Sorting algorithms, especially Counting Sort, perform little computation per array element, yet surprisingly benefit from parallel multi-core implementation. This is due to substantial inherent parallelism within the algorithms. When sorting arrays of unsigned 8-bit numbers Parallel Counting Sort is over 3X faster than non-parallel implementation, and over 2X faster for arrays of 16-bit numbers, on i7 860 quad-core processor. It is also up to 70X faster than STL **sort()** for 8-bit, and up to 77X faster for 16-bit. Parallel Counting Sort algorithm sorts at the rate of 1.7 billion 8-bit items per second, and 1 billion 16-bit items per second.

Morphing non-parallel algorithms to parallel does not guarantee a performance gain, and can lead to degradation in performance along with inefficient use of processing capacity.

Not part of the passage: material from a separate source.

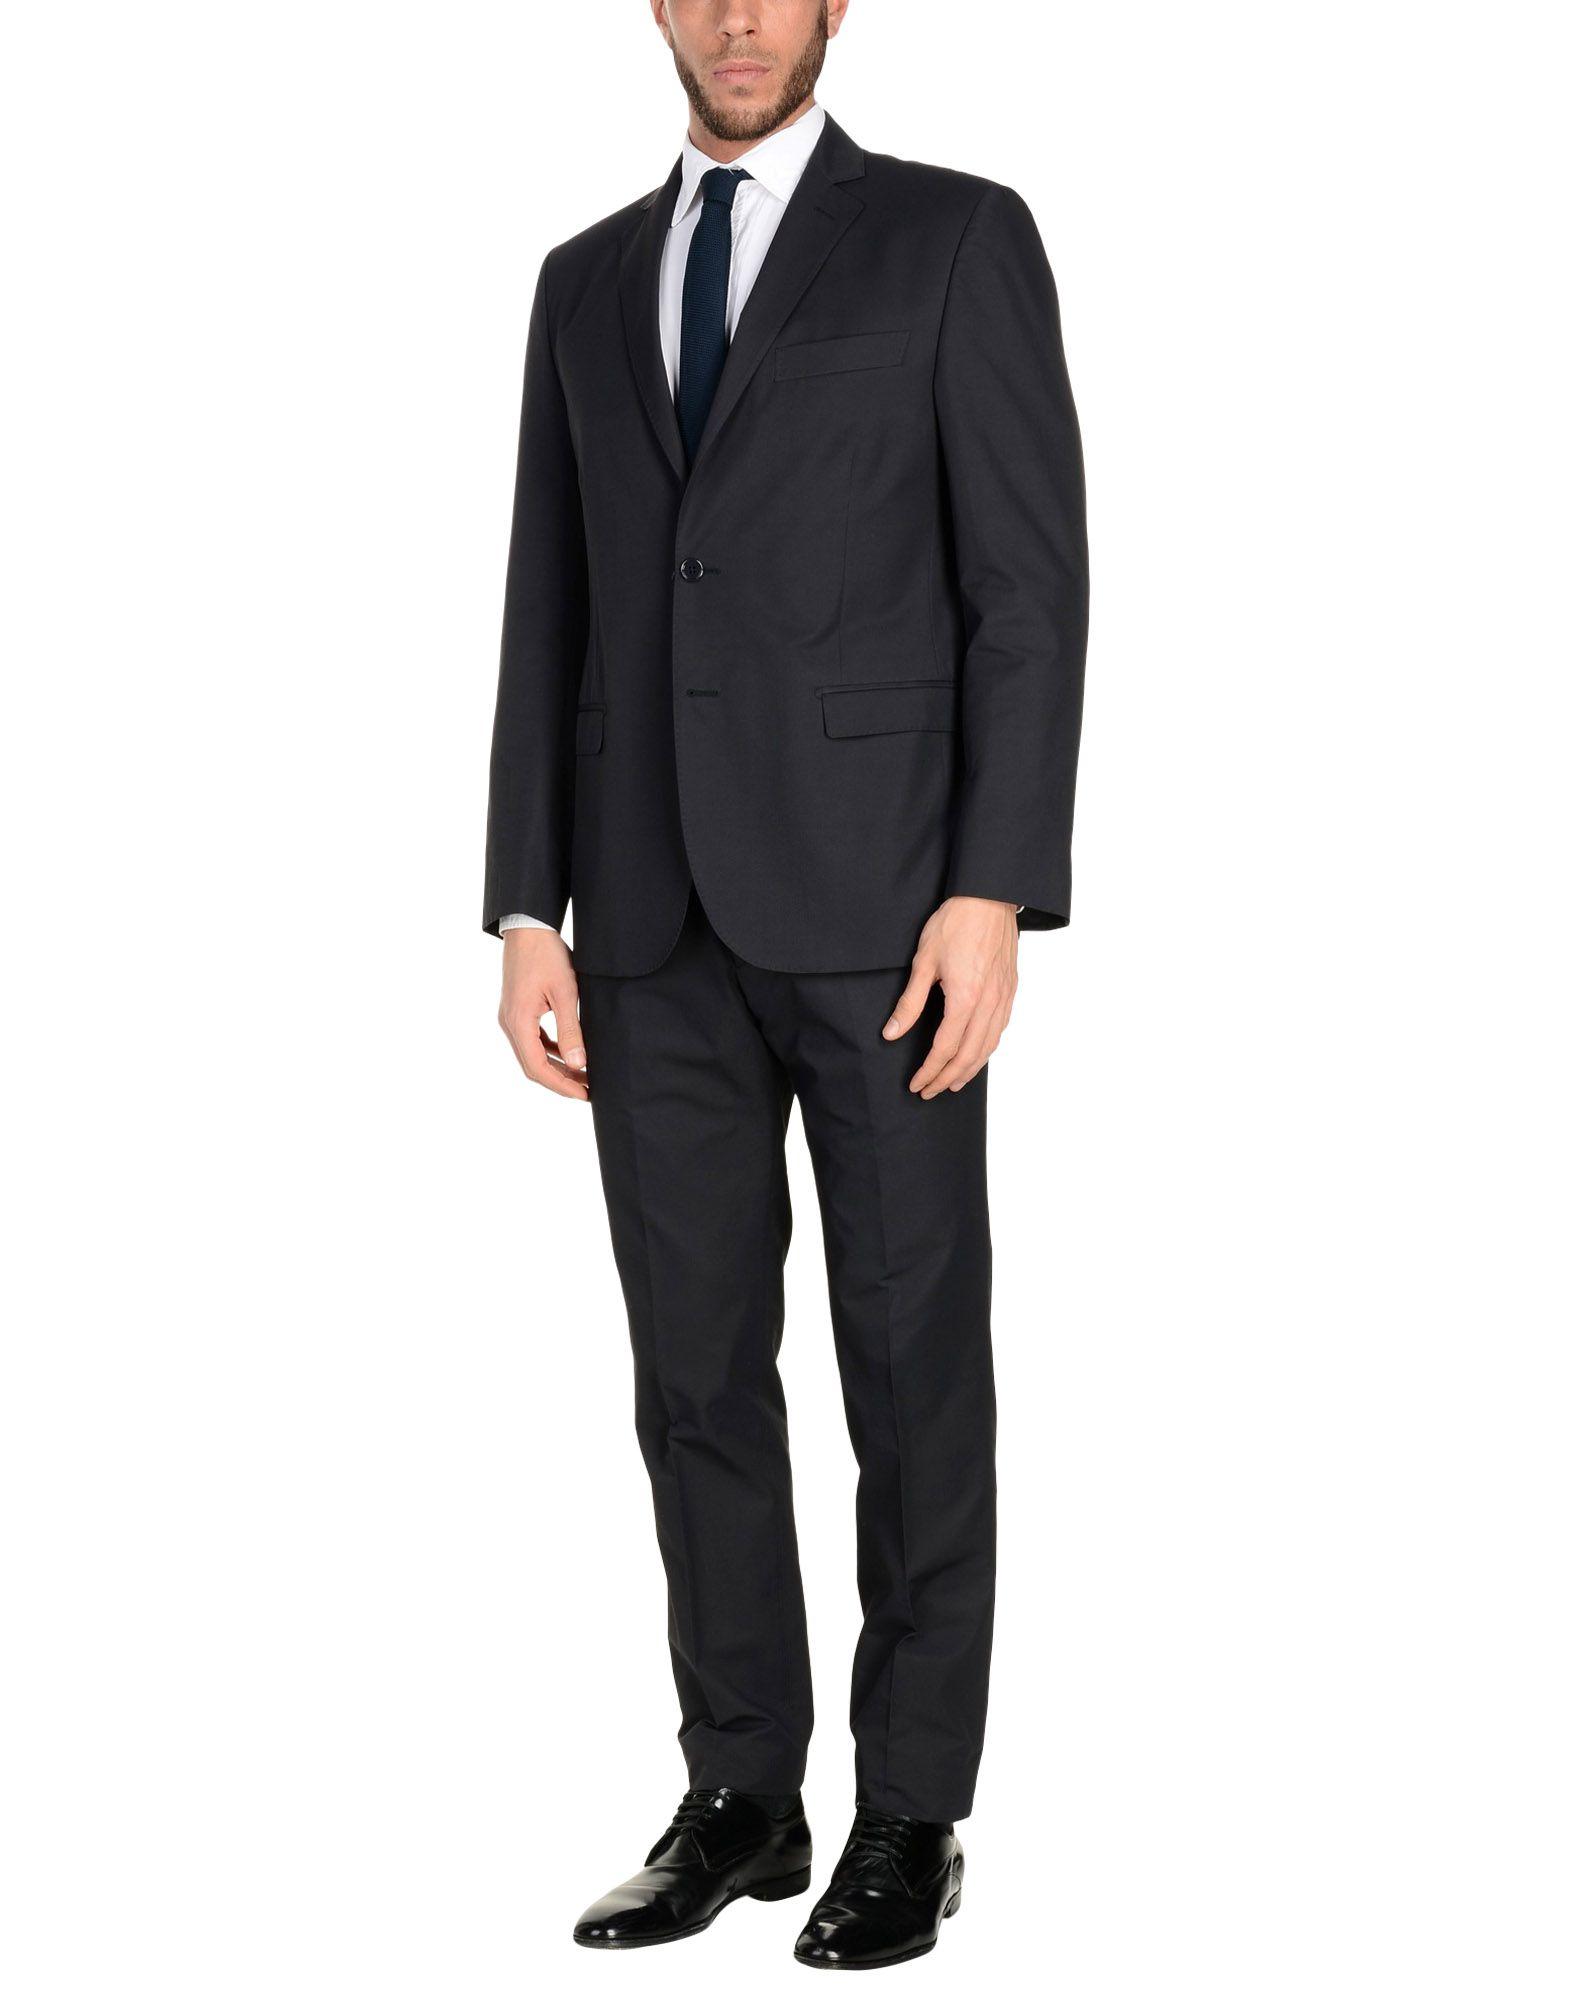 MONTEZEMOLO Suits in Steel Grey

Parallel implementations increase exploration space by growing the number of design and test permutations not only for correctness, but also for performance, as some parallel implementations will be slower and others may possess data-dependent performance characteristics (which should be avoided).

Measurements to determine performance bottlenecks before optimizing is one of the pillars of performance optimization methodology, as demonstrated by measuring the counting and writing portions of the Parallel Counting Sort. Focusing efforts on optimizing the counting portion of the algorithm, which took over 90% of execution time, is 10-19X more beneficial than optimizing the writing portion. The Parallel Counting Sort was projected to continue scaling in performance beyond quad-core processors, since it is surprisingly compute limited.

Processor cache architecture influences parallel performance, with large L1 and L2 caches dedicated to each computational core providing higher performance and scalability for large problems. Higher memory bandwidth is also beneficial. i7 860 processor has 2X the cores of E8300, which allowed the algorithm to scale higher in performance. Tuning parallel infrastructure parameters, such as grain size of processing quanta, for each algorithm helps improve performance for small array sizes, where parallelism overhead degrades performance and wastes processing resources.

Abstraction offered by **parallel_for** and **parallel_reduce** constructs is powerful, enabling the developer not to care about the number of computational cores in the system. This power is dangerous, as it brings with productivity the possibility of poor resource utilization and efficiency. Creating efficient parallel programs where multiple programs share computational resources in a dynamic virtualized environment will be critical. Creating algorithms that scale well on future processor architectures will be a challenge -- e.g. tuning parameters such as grain size will most likely be set to a less than optimal value and may need to be exposed.